Book Drenching, the Latest Trend
- by Michael Stillman
A room drenched in books.
There is a new interior design fad out there that pertains to books, but doesn't require you to go through the laborious procedure of reading them. It's called “book drenching,” and no, it doesn't require soaking your books in water and destroying them either. The books are the drencher, rather than the drenchee. Instead of the books being drenched, it involves books drenching your space. A better word than “drenching” surely could be applied. An alternative name sometimes used is - “library wrap.” That sounds sort of better.
Here is what book drenching is. It's a room with bookcases filled with books, all over the room. Ideally, they are floor-to-ceiling bookshelves, every shelf jammed full of books. The room itself should have bookcases covering every wall. If that doesn't show your undying love for literature, nothing will. This is the ultimate statement.
No particular order is required on the shelves. They don't have to be arranged by color as has been a fad. They don't have to match by size. They don't have to have the spines out or in. They can be mixed. They don't even have to rest on the tail or bottom of the book. They can lie flat, or be a mix. The purpose is not to show your sense of order. It's to display your love for books.
This is very different from arts of the book. In the book arts, each book is something special. Covers usually make an artistic statement. Not so for book drenching. There is no book individuality here. The books are meant to blend into a whole, perhaps ordered, perhaps disheveled as long as they're shelved. They live for the whole, not themselves, like an ant in an anthill, or a communist factory worker. They are each a dot in a halftone. The books are a tapestry. Alone, the books are nobody, but together they become a work of art.
If there is something in the practical world this resembled it would be the great libraries once owned by the Pierpont Morgans of the world. They were huge libraries but, at least to some extent, they were working libraries, not just a fashion accessory. Book drenching requires no particular appreciation for the individual books themselves, just a desire to create a work of art that implies you appreciate literature in general.
Not entirely understanding the concept, I turned to Form & Taste to better explain. They say, “Beyond the simple act of storage, the concept of 'book drenching' in interior design re-imagines the role of literature within our homes. It poses a question: what if a collection of books could be more than an accessory and instead become the primary finish of a room? This approach moves past the curated bookshelf, proposing an immersive experience where books function as a fundamental architectural surface, akin to paint, tile, or wallpaper.

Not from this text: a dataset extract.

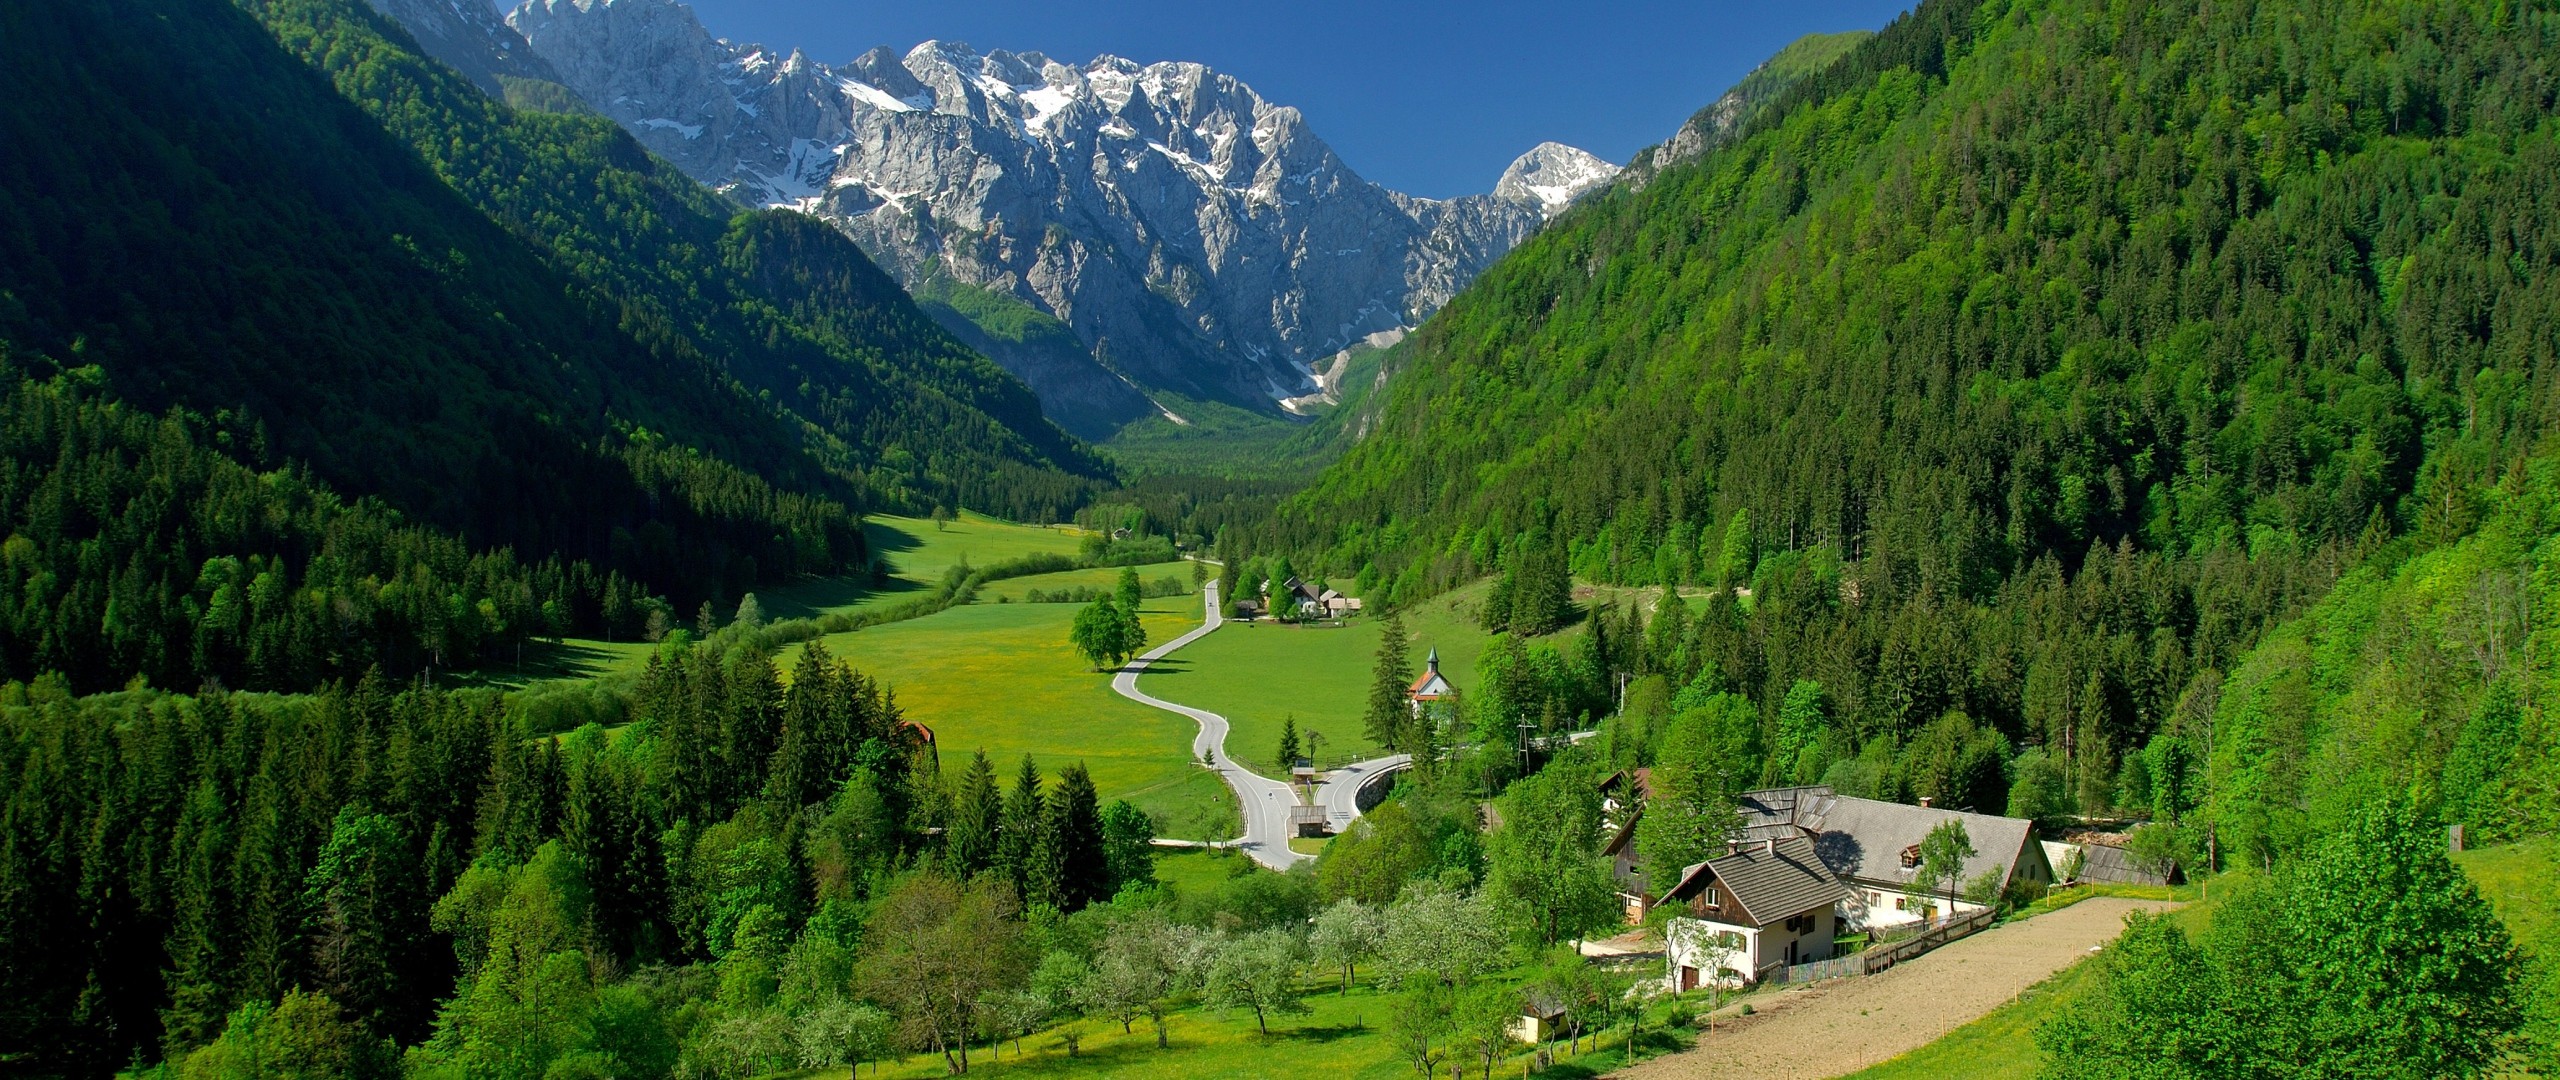 General 2560x1080 landscape valley village Alps mountains nature

“The idea is not merely to display books, but to use their collective mass to define a space. It is a visual and tactile strategy that leverages the inherent qualities of the book as an object—its color, texture, and form—to create a powerful aesthetic statement. This shift in perspective treats books not just as vessels of information but as modular building blocks for creating atmosphere.”
Continuing, “it is not about a few neatly arranged stacks or a well-ordered shelf; it is about scale and density. The objective is to achieve a critical mass where the books cease to be individual items and merge into a unified visual field.”
I'll admit I never thought of books as paint or wallpaper. I doubt that Gutenberg did either. There seems to be something missing, like what books are all about. It feels more like a new fad that is likely to have, so to speak, a limited shelf life. Not long ago, the thing was “bookshelf wealth.” This design burst onto the scene two years ago. Described as “artful clutter,” it featured bookshelves jammed with books, but also other things. Various trinkets and other objects are placed on the shelves. These are things that are supposed to have personal meaning to the owner, perhaps gifts or things collected on trips. And before this, there was color coding where people would buy books “by the foot” in one color so they could have a shelf full of red books, and maybe one of blue books too.
Missing from all of these is what is inside the books. Their historic purpose, that brought the world from the Dark Ages into the Renaissance, is missing. The printed word has become irrelevant. The knowledge is gone. It has become beauty without meaning.